The local import of extract_routed_experts_from_meta_info inside the generate method can lead to a runtime ImportError if this function is not available in the installed sglang version. This can make debugging difficult as the dependency is not explicit at the module level. It's better to handle this dependency explicitly.

Consider moving the import to the top of the file and wrapping it in a try...except block. This makes the dependency clear and allows for a more graceful failure if the required sglang version is not installed.

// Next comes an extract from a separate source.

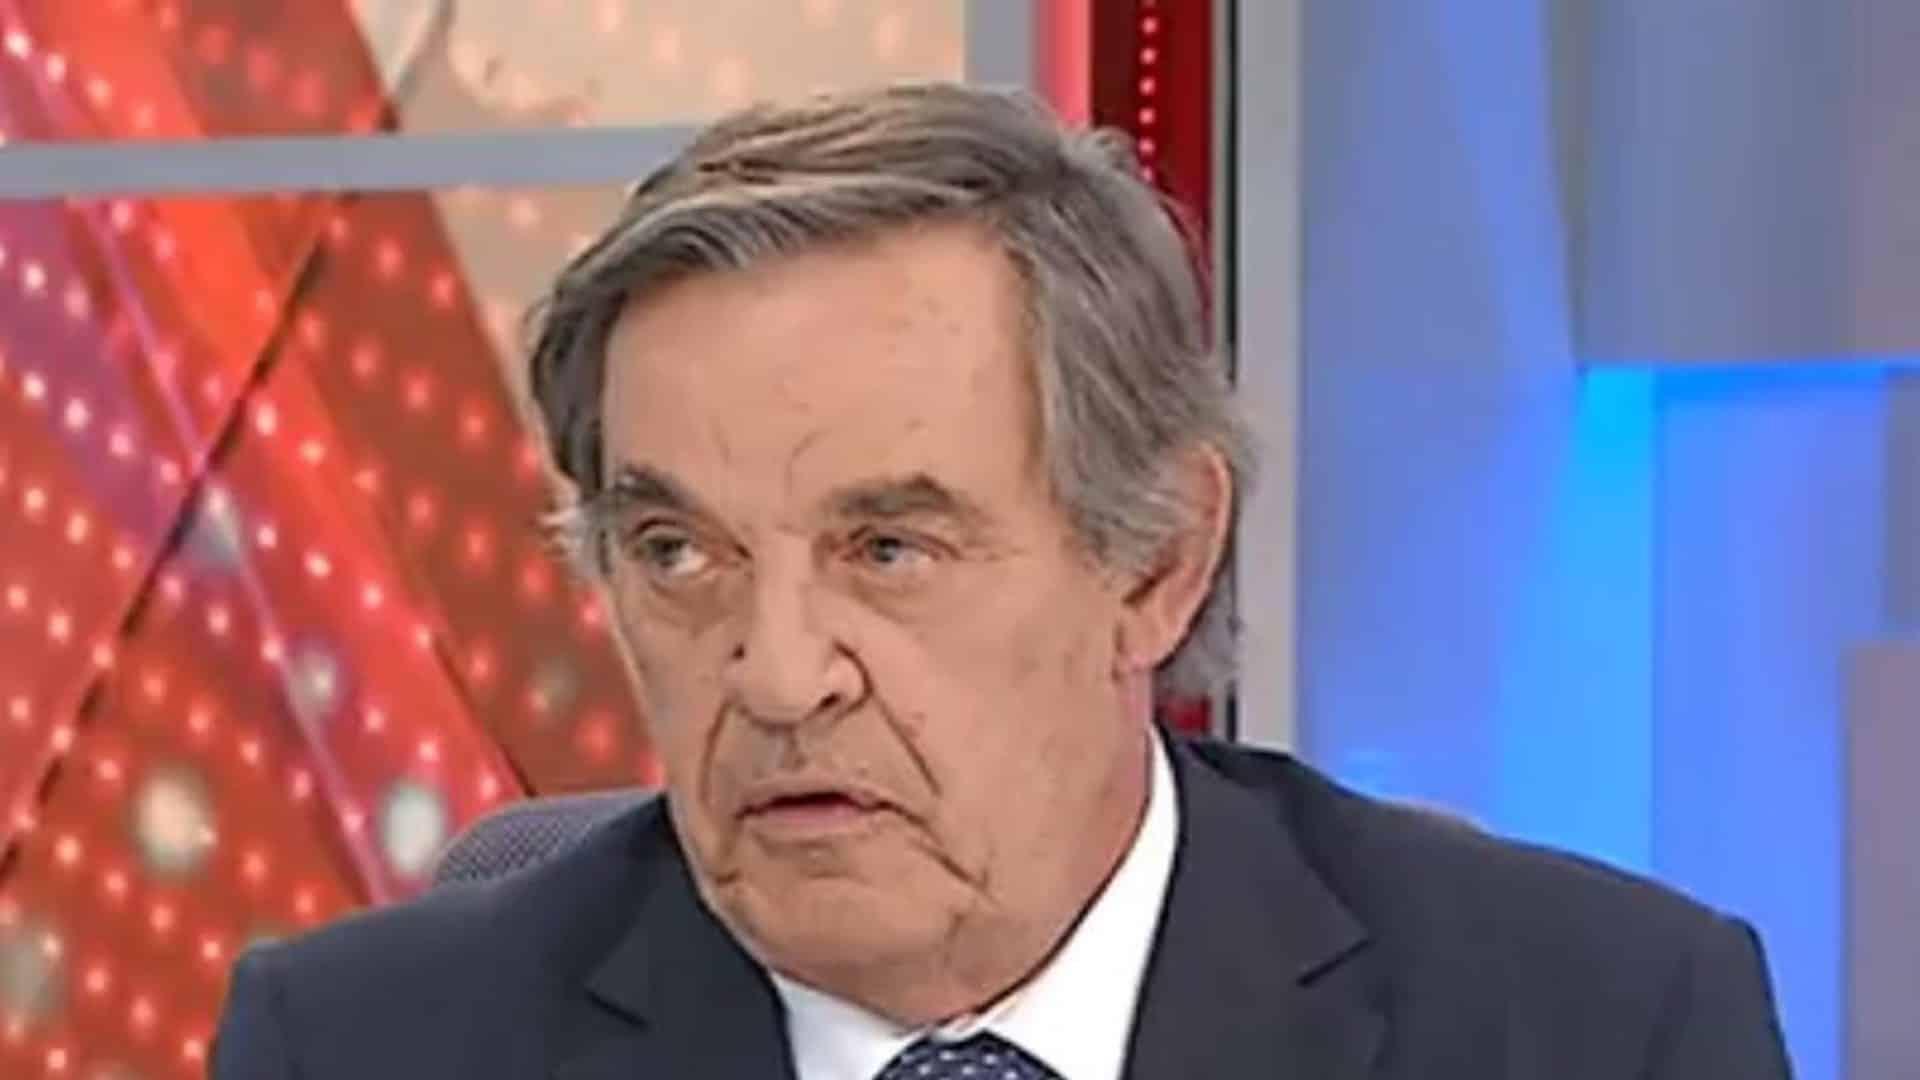 Miguel Sousa Tavares Tvi

You can add the following at the top of the file:

try:
    from sglang.srt.layers.moe.routed_experts_capturer import extract_routed_experts_from_meta_info
except ImportError:
    extract_routed_experts_from_meta_info = None

Then, you can modify the logic in generate to check if the import was successful:

Suggested change
else:
from sglang.srt.layers.moe.routed_experts_capturer import extract_routed_experts_from_meta_info
routed_experts = extract_routed_experts_from_meta_info(output).reshape(
-1, self.model_config.hf_config.num_hidden_layers, self.model_config.hf_config.num_experts_per_tok
)
else:
if extract_routed_experts_from_meta_info is None:
raise ImportError(
"`extract_routed_experts_from_meta_info` is not available. "
"Please check your sglang installation or version."
)
routed_experts = extract_routed_experts_from_meta_info(output).reshape(
-1, self.model_config.hf_config.num_hidden_layers, self.model_config.hf_config.num_experts_per_tok
)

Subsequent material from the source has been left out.